ORDERED that the order is reversed, on the law, with costs, and the motion of the defendant Kevin Barry pursuant to CPLR 3211(a)(5) to dismiss the cause of action to recover damages for legal malpractice as time-barred and for summary judgment dismissing the cause of action for replevin insofar as asserted against him is granted.

On a motion to dismiss a cause of action pursuant to CPLR 3211(a)(5) as barred by the applicable statute of limitations, a defendant must establish, prima facie, that the time within which to sue has expired (see Yang v. Oceanside Union Free School Dist., 90 AD3d 649). Once that showing has been made, the burden shifts to the plaintiff to establish that the statute of limitations has been tolled or that the plaintiff actually commenced the action within the applicable limitations period (see id.).

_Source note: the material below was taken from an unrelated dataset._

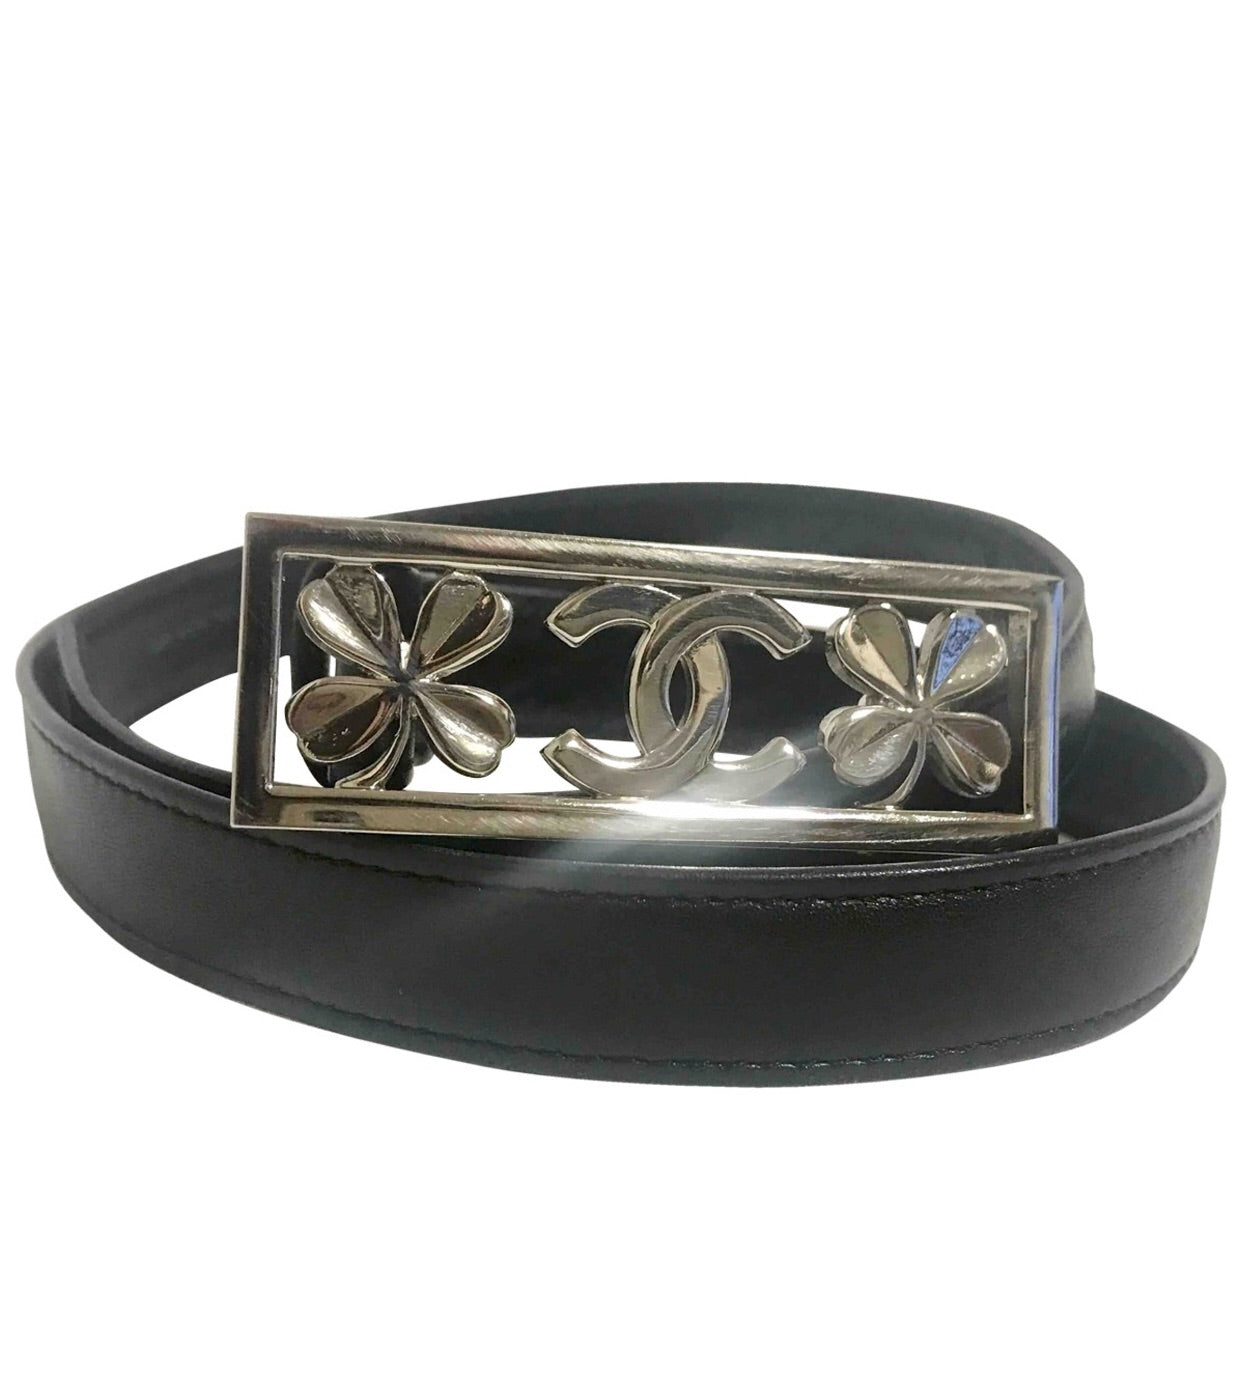 Chanel Black Leather Belt with Silver Logo Buckle - 32

An action to recover damages for legal malpractice must be commenced within three years after the accrual of the cause of action (see CPLR 214[6]). Here, the defendant Kevin Barry (hereinafter the appellant) sustained his initial burden on that branch of his motion which was to dismiss the cause of action to recover damages for legal malpractice by demonstrating that the applicable limitations period had expired with respect to the alleged acts of legal malpractice. Contrary to the Supreme Court's determination, the evidence submitted by the plaintiff in opposition was insufficient to raise a triable issue of fact as to whether the continuous representation doctrine tolled the running of the statute of limitations (see Hasty Hills Stables, Inc. v. Dorfman, Lynch, Knoebel & Conway, LLP, 52 AD3d 566, 567-568; Melendez v. Bernstein, 29 AD3d 872, 873; Dignelli v. Berman, 293 AD2d 565, 566; Muller v. Sturman, 79 AD2d 482, 486-487). Accordingly, the cause of action to recover damages for legal malpractice should have been dismissed as time-barred.

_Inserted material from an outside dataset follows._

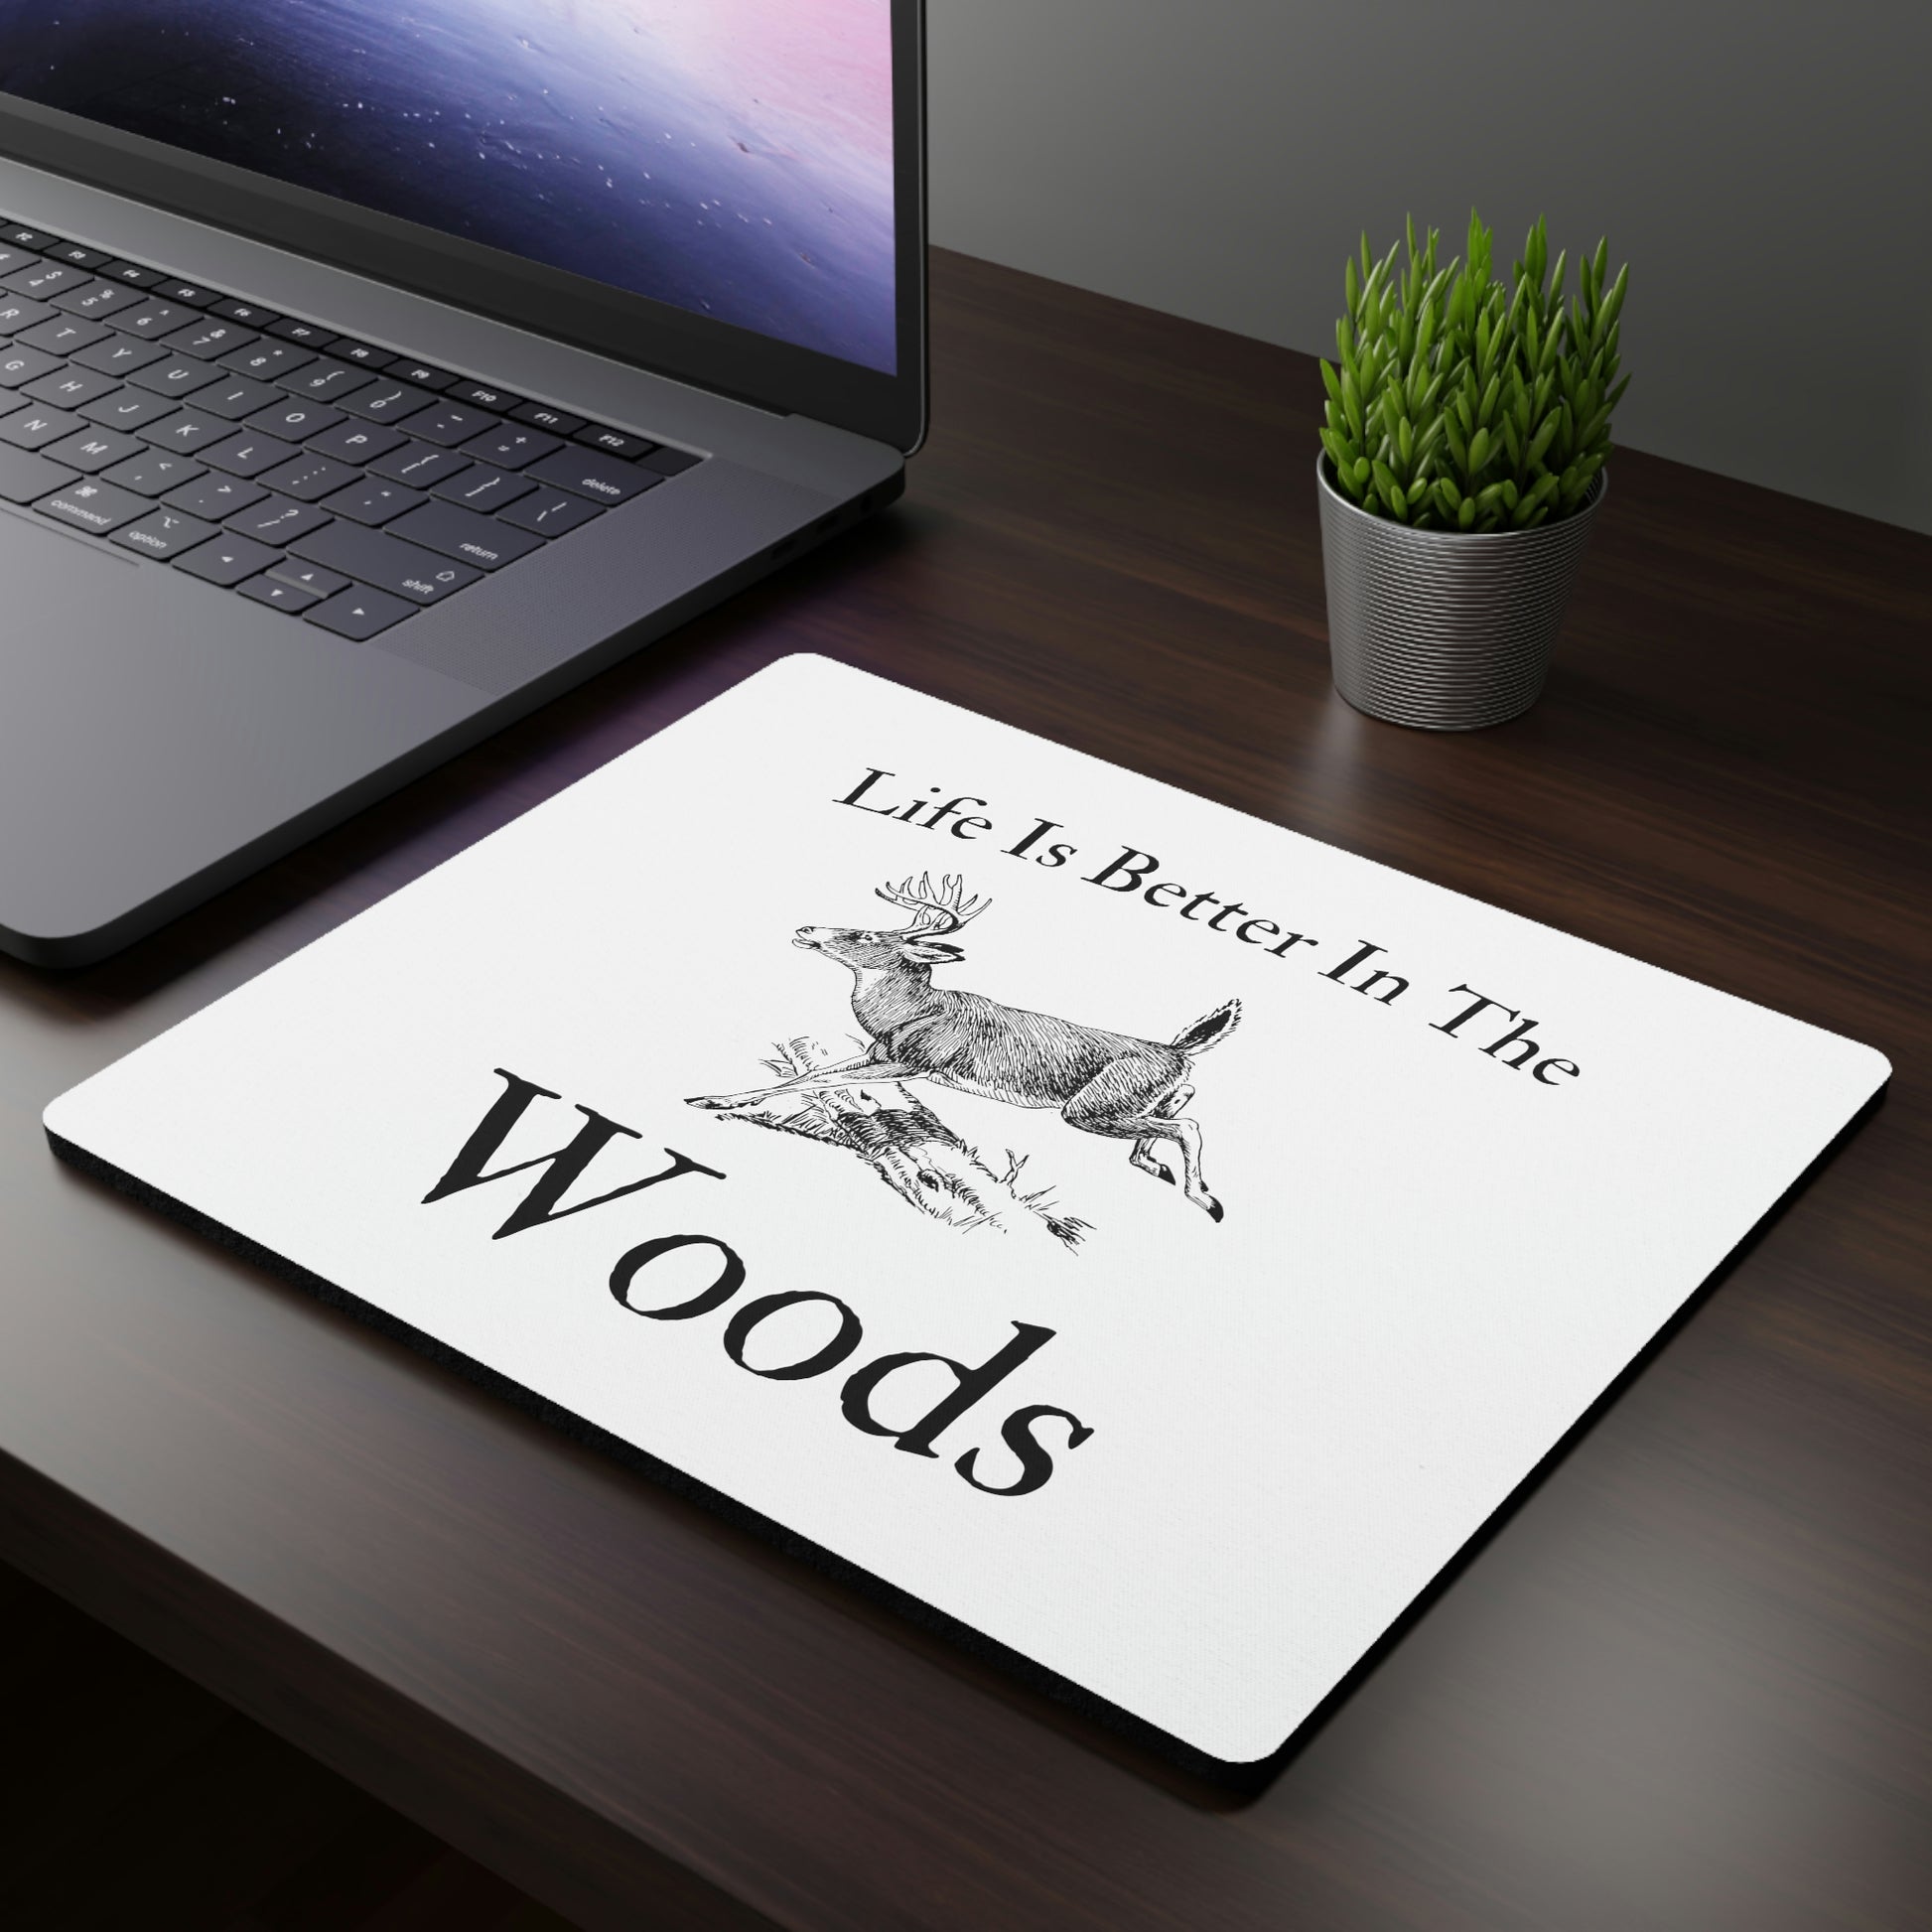 "Life Is Better In The Woods" Mousepad - Weave Got Gifts - Unique Gifts You Won’t Find Anywhere Else!

The appellant was also entitled to summary judgment dismissing the plaintiff's cause of action for replevin insofar as asserted against him. The appellant established, prima facie, that he did not unreasonably refuse to return the documents requested by the plaintiff (see Khoury v. Khoury, 78 AD3d 903, 904; Wiel v. Curtis, Mallet-Prevost, Colt & Mosle, 66 Misc 2d 466, 469, affd 36 AD2d 1027, affd 30 NY2d 500). In opposition to the motion, the plaintiff failed to raise a triable issue of fact. The Supreme Court, therefore, should have granted that branch of the appellant's motion which was for summary judgment dismissing the cause of action for replevin insofar as asserted against him.

MASTRO, J.P., DICKERSON, LOTT and AUSTIN, JJ., concur.